GTA V è un titolo da record in più di un senso, l’ultimo videogioco della serie principale di Grand Theft Auto è stato pubblicato il 17 settembre 2013 – otto anni fa dunque –, passando per ben 3 generazioni di console (PS3, Xbox 360, PS4, Xbox One e PS5, Xbox Series X/S) e vendendo 150 milioni di copie complessivamente. Questi numeri di per sé la dicono lunga sul successo del titolo Rockstar Games ma quello che è davvero impressionante è la cifra che ha fatto guadagnare: GTA V ha prodotto un introito di ben 6,4 miliardi dal suo lancio.

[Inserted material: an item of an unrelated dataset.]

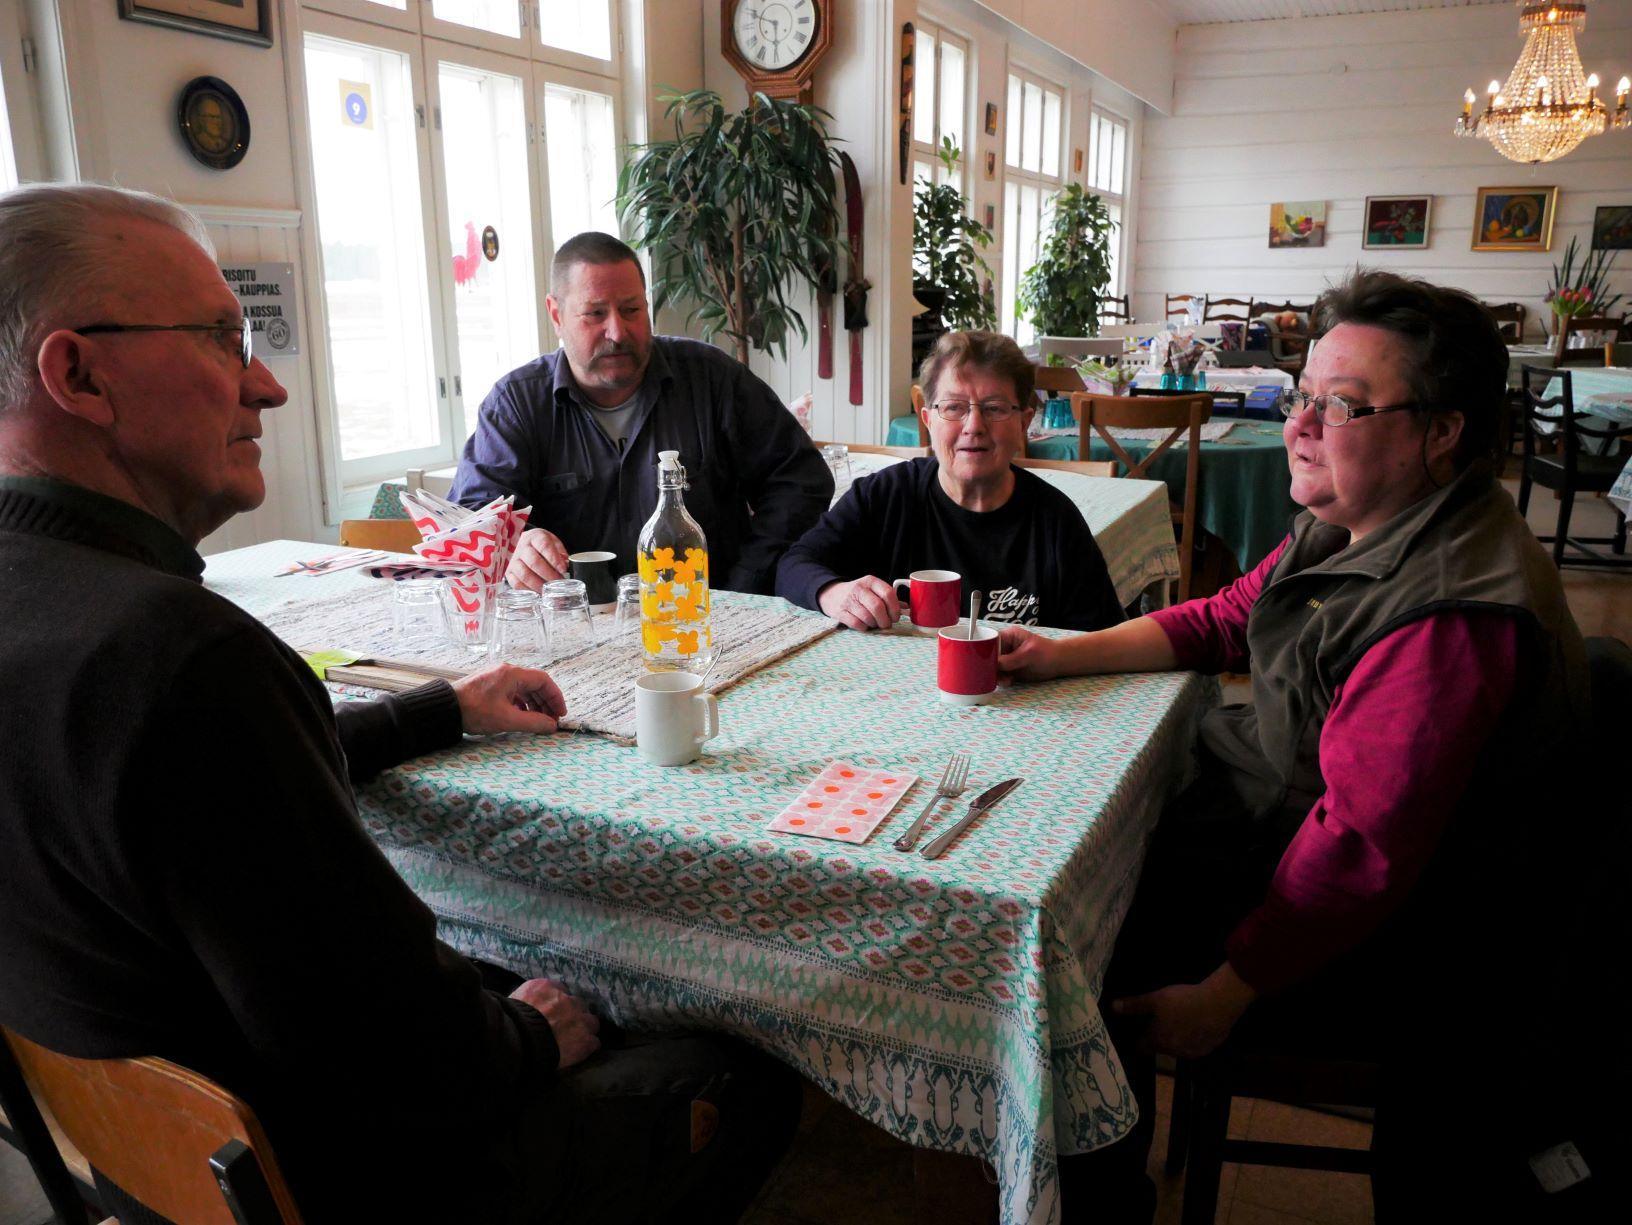 Långväga gäster hittar till bed & breakfast i Västanfjärd — den gamla folkskolan gynnas av nya cykelrutten Kustrutten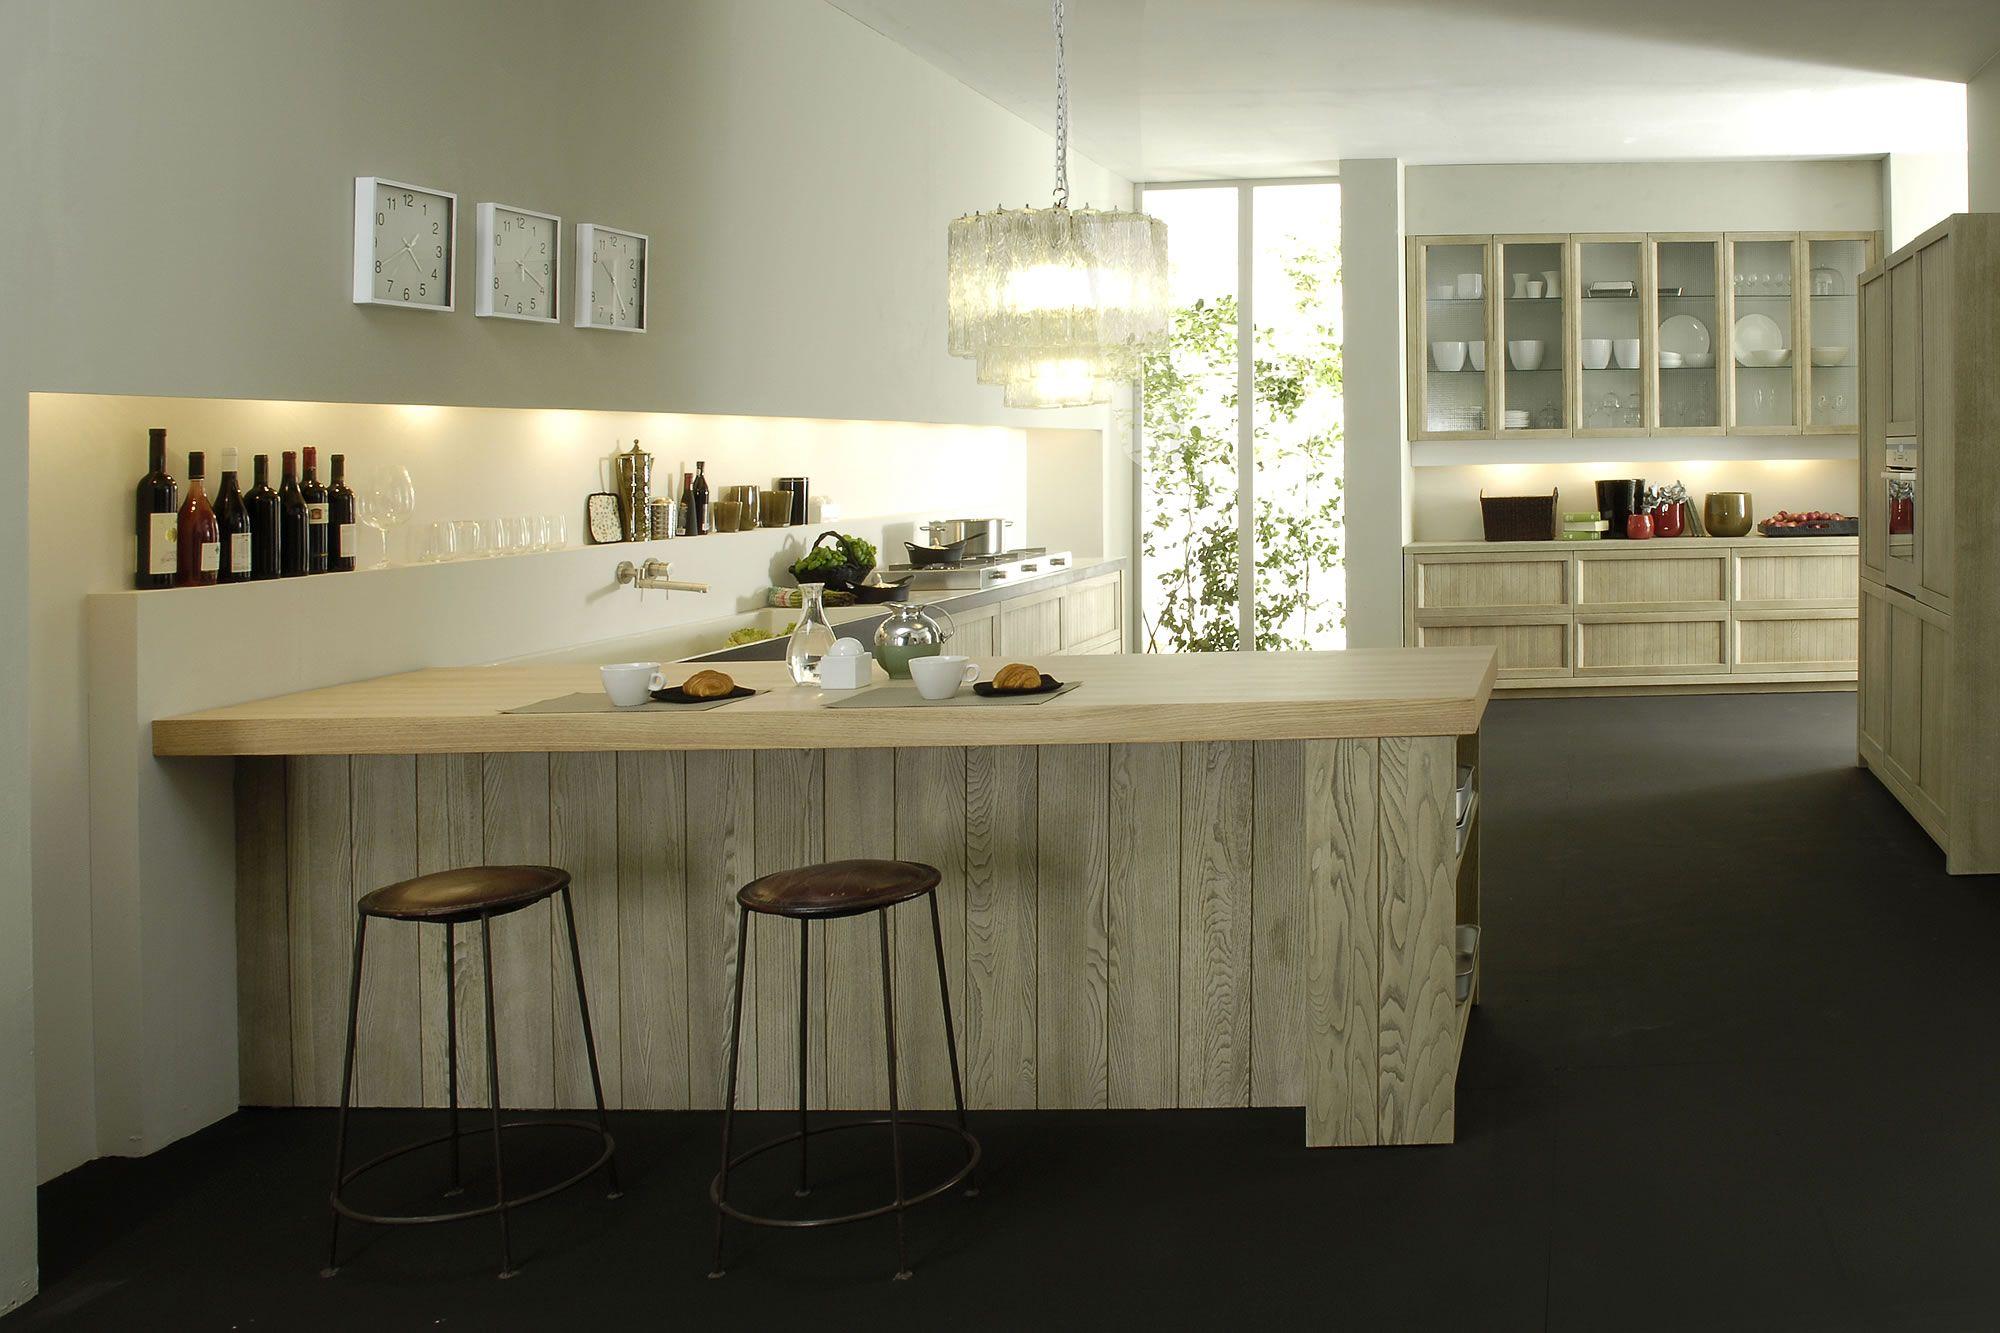 Cucine Componibili Siena.Cucine Country Chic Stile Moderno Componibili In Legno

Nonostante l’evidente risposta negativa dei fan alla notizia che GTA V arriverà anche su PlayStation 5 e Xbox Series X/S – basta vedere il numero di dislike del relativo trailer per la console di casa Sony, qui il link -, il videogioco di cui stiamo parlando è stata una vera miniera d’oro per la Rockstar. Il dato dell’immane introito generato da GTA V di cui abbiamo parlato ora deriva dal sito Tweaktown, nel quale si nota anche come una buona parte del successo del titolo (e dei conseguenti guadagni) sia dovuta a GTA Online.

Ma che cos’è Grand Theft Auto Online? Semplicemente è la versione online di GTA V e concede massima libertà ai giocatori, questi possono esplorare il mondo di gioco, completare missioni e partecipare ad attività peculiari e fare tutto questo da soli o in gruppo. L’estrema libertà che GTA Online ha portato con sé, e il continuo aggiornamento e inserimento di nuovo materiale da parte degli sviluppatori, hanno garantito questo successo incredibile.

Infine non ci dimentichiamo che di GTA VI, l’unico videogioco che potrebbe detronizzare GTA V, non se n’è vista nemmeno l’ombra fino ad ora e quindi dobbiamo concludere che Rockstar sta ancora puntando al suo attuale titolo principale. Le cose cambieranno? Sicuramente, la vera domanda è quando.